As the scale of multi-stage large group decision-making (LGDM) continues to expand, the possibility of low-contribution individuals exhibiting herd behavior also increases, potentially leading to the phenomenon of “fishing in troubled waters.” This may obstruct the speed of consensus reaching while generating no valuable opinions, which is a topic worthy of exploration. Considering that humans are easily influenced by interests, the employment of machine intelligence to objectively identify herd behavior is more appropriate. In this context, a herd behavior identification method based on behavioral characteristics clustering from the perspective of human–machine collaboration is herein proposed. First, from the human side, an opinion–social network coevolution model is constructed to simulate the consensus reaching process (CRP) of the expert group. Then, the group is clustered into three subgroups in consideration of behavior that encompasses both opinion changes and trust relationship changes. Based on this, the low-contribution cluster with a herd behavior pattern can be optimized from the machine side. Through simulation experiments, it is verified that herd behavior management significantly accelerates the consensus-reaching speed under the premise of having minimal impact on the decision-making results. In general terms, this study is the first to propose the concept of herd behavior and provides a solution to manage it from a new perspective, which is suitable for application in multi-stage LGDM scenarios.

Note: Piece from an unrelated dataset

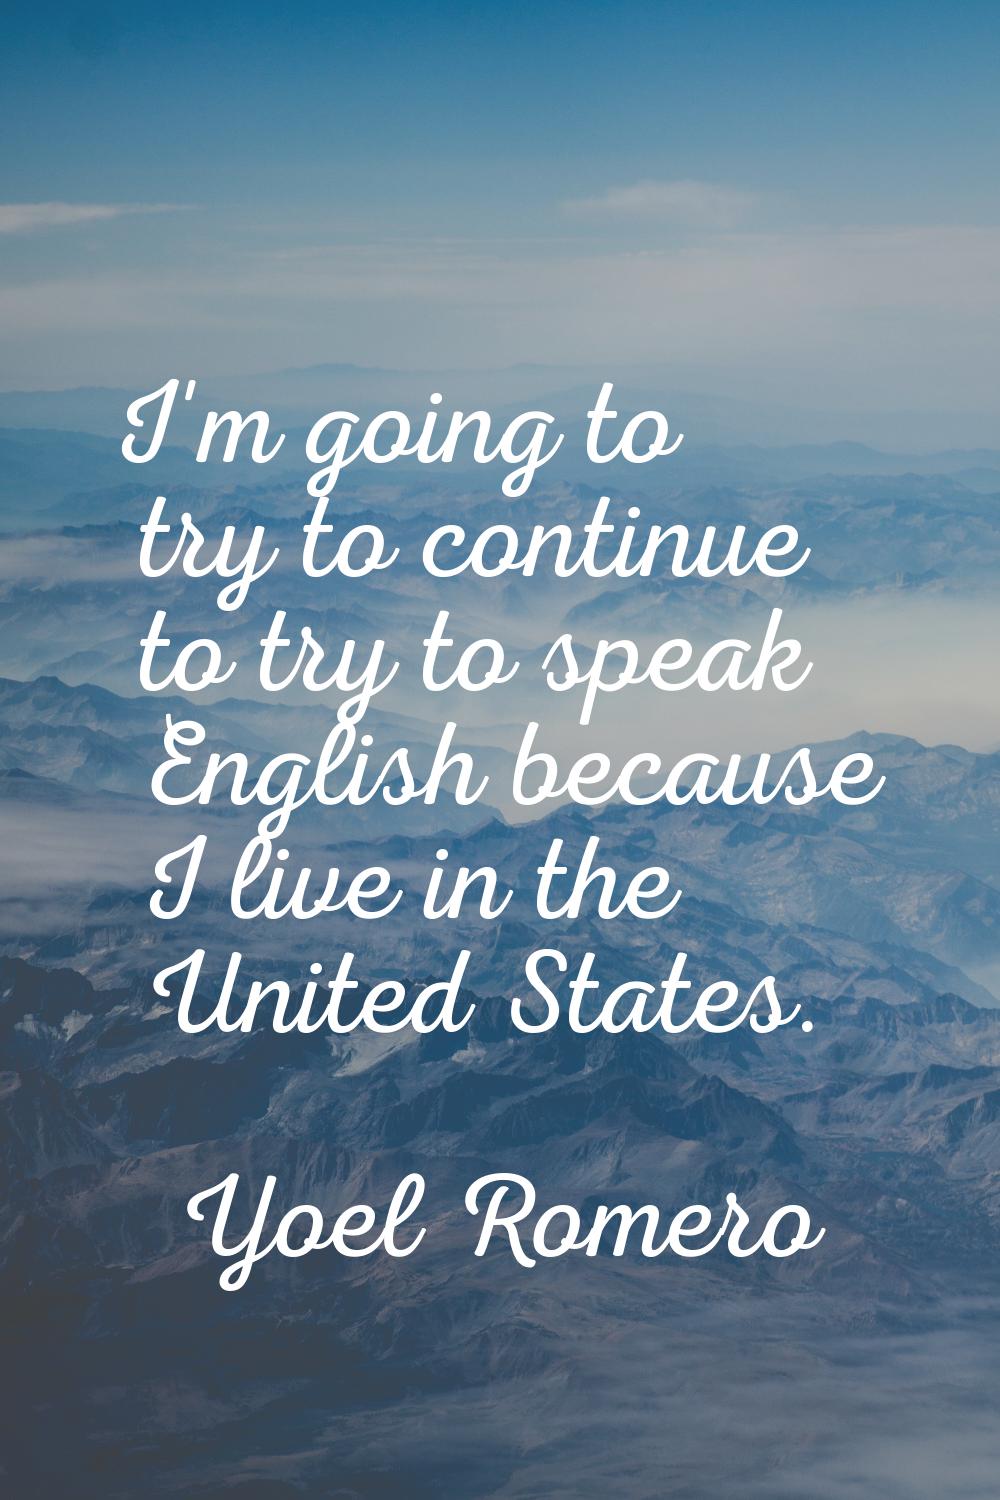 I'm going to try to continue to try to speak English because I live in the United States.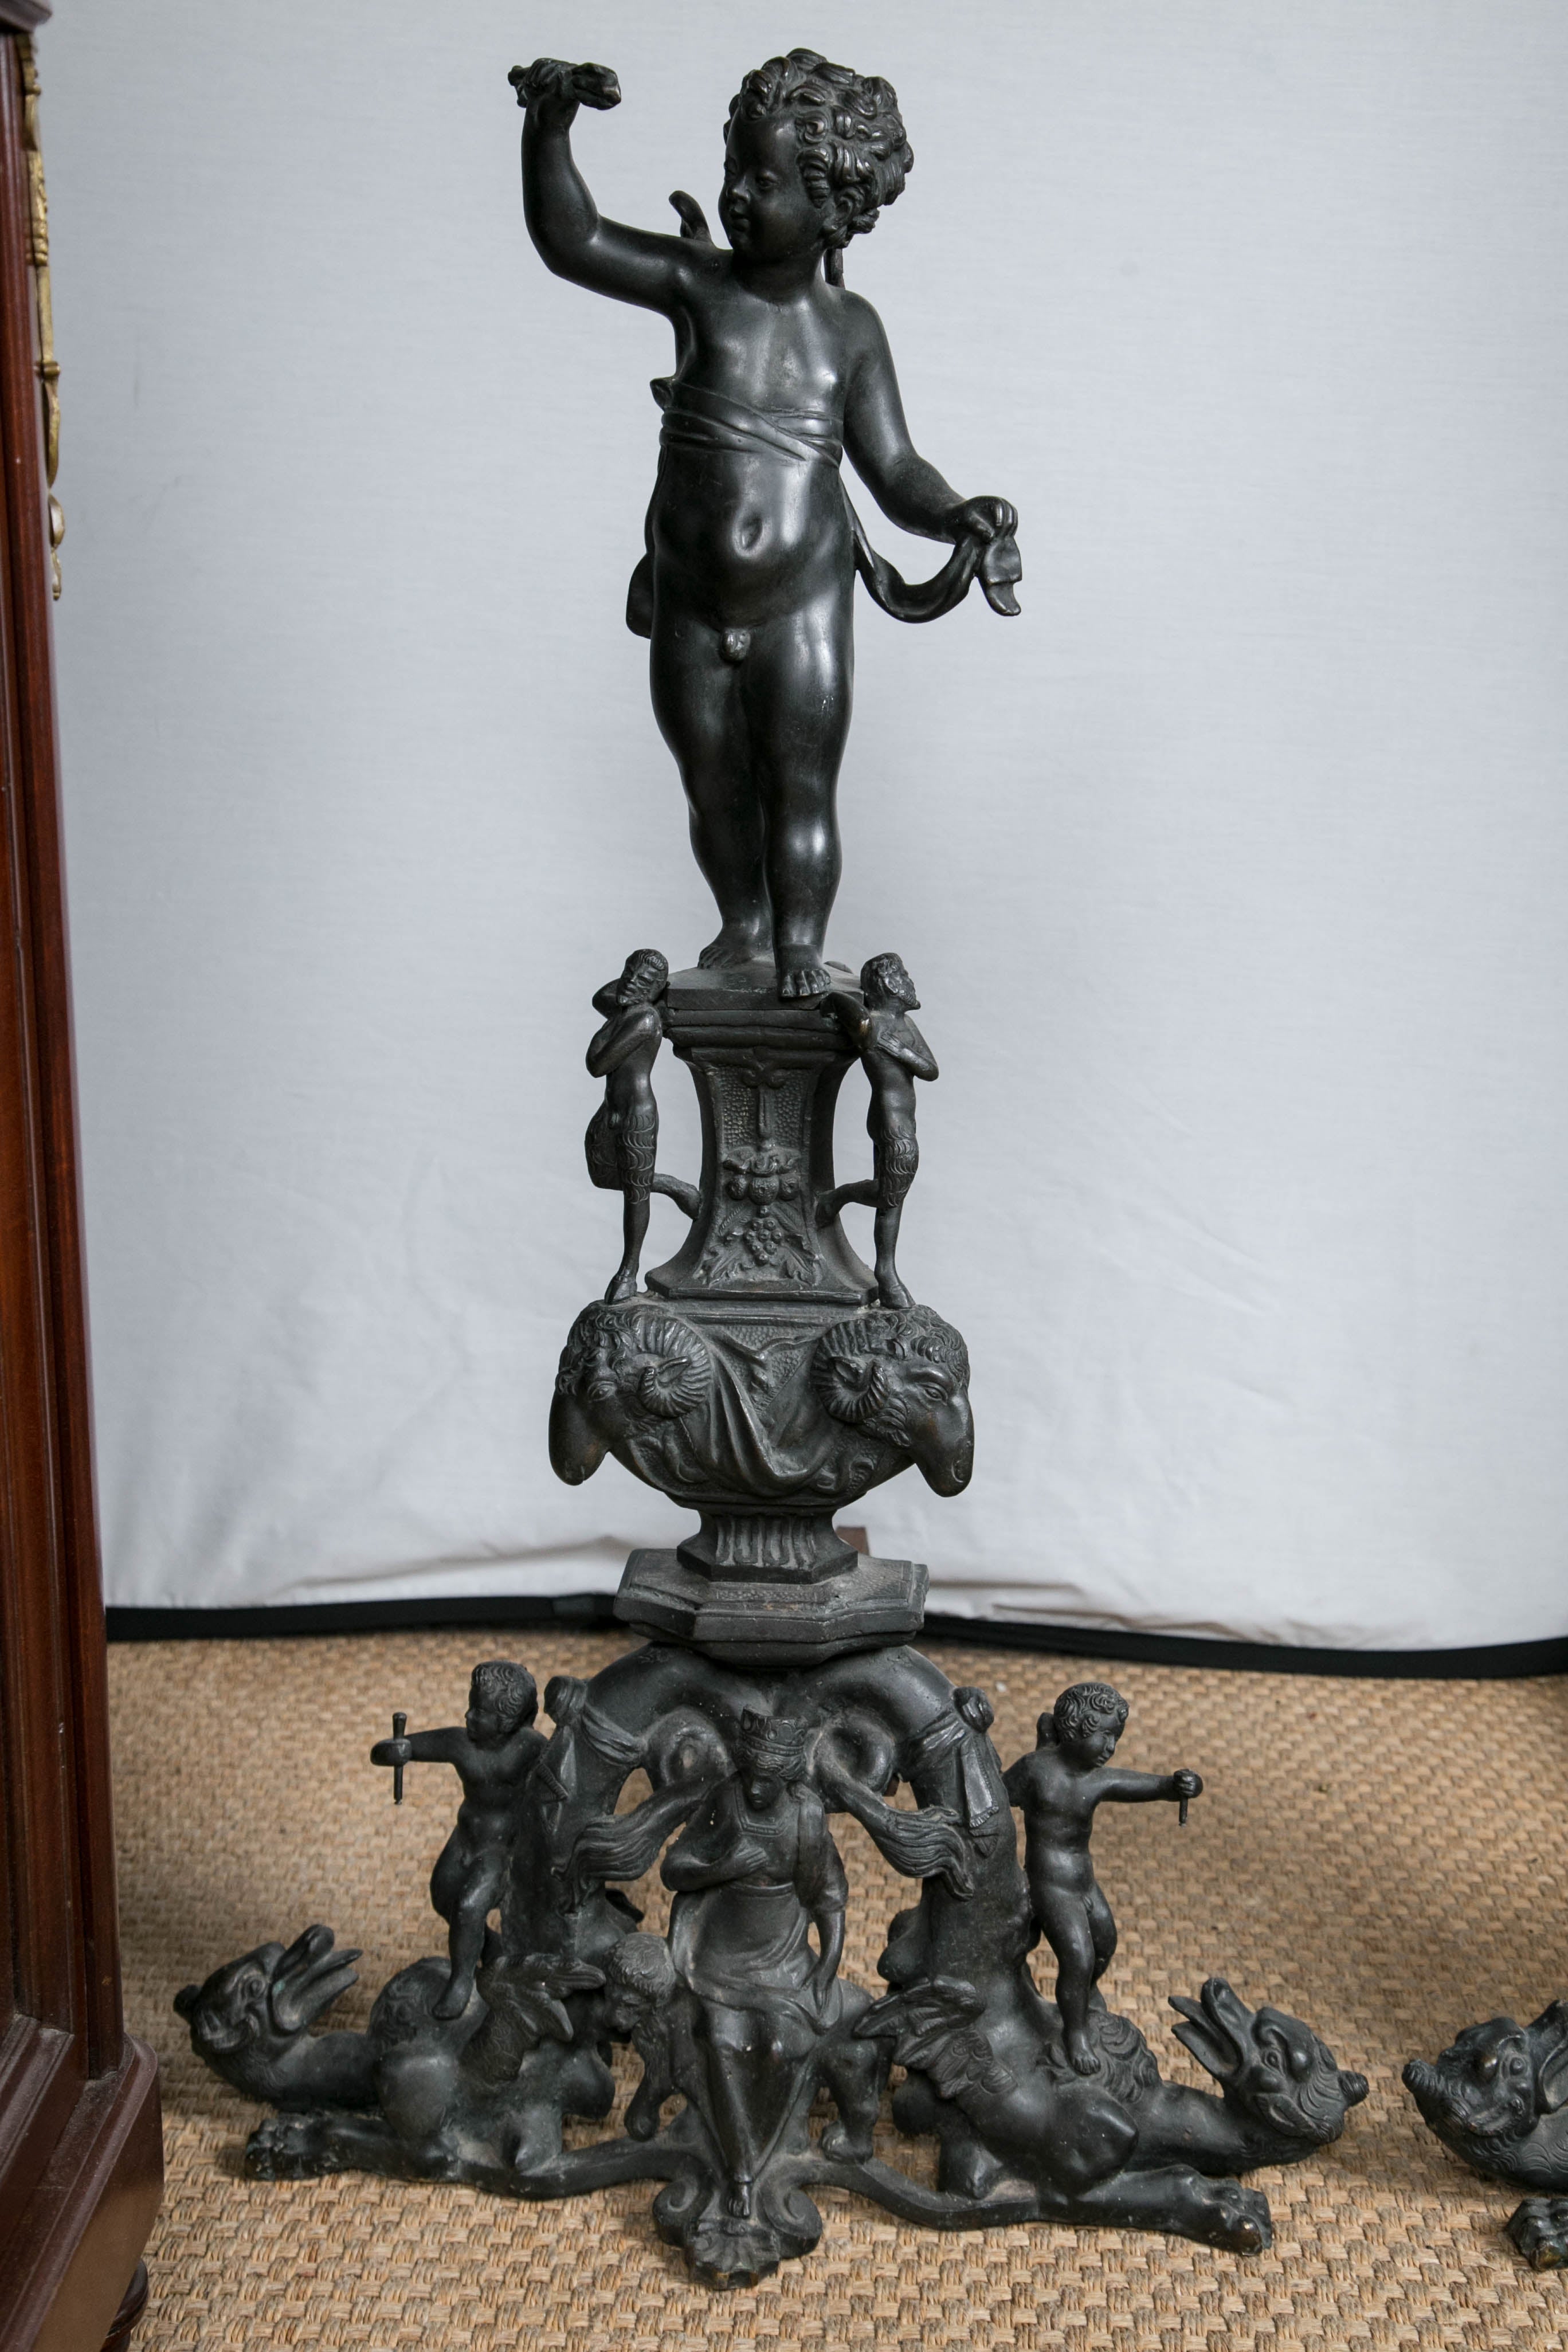 This pair is topped with winged putti above an urn decorated with satyrs standing a top ram's heads. Below are more winged putti with dragons.

人机协作多阶段大型群体决策中基于协同进化的群体行为识别
随着多阶段大型群体决策(LGDM)规模的不断扩大,低贡献个体表现出从众行为的可能性也随之增加,从而可能导致 "浑水摸鱼 "的现象。这可能会阻碍达成共识的速度,同时又不会产生有价值的意见,这是一个值得探讨的话题。考虑到人类容易受到利益的影响,利用机器智能来客观识别群体行为更为合适。为此,本文从人机协作的角度出发,提出了一种基于行为特征聚类的羊群行为识别方法。首先,从人的角度出发,构建一个意见-社会网络协同演化模型,模拟专家组的共识达成过程(CRP)。然后,考虑到包括意见变化和信任关系变化在内的行为,将专家组分为三个子组。在此基础上,可以从机器端优化具有羊群行为模式的低贡献群组。通过模拟实验,验证了群行为管理在对决策结果影响最小的前提下,显著加快了达成共识的速度。总的来说,本研究首次提出了羊群行为的概念,并从一个新的角度提供了管理羊群行为的解决方案,适合应用于多阶段 LGDM 场景。
本文章由计算机程序翻译,如有差异,请以英文原文为准。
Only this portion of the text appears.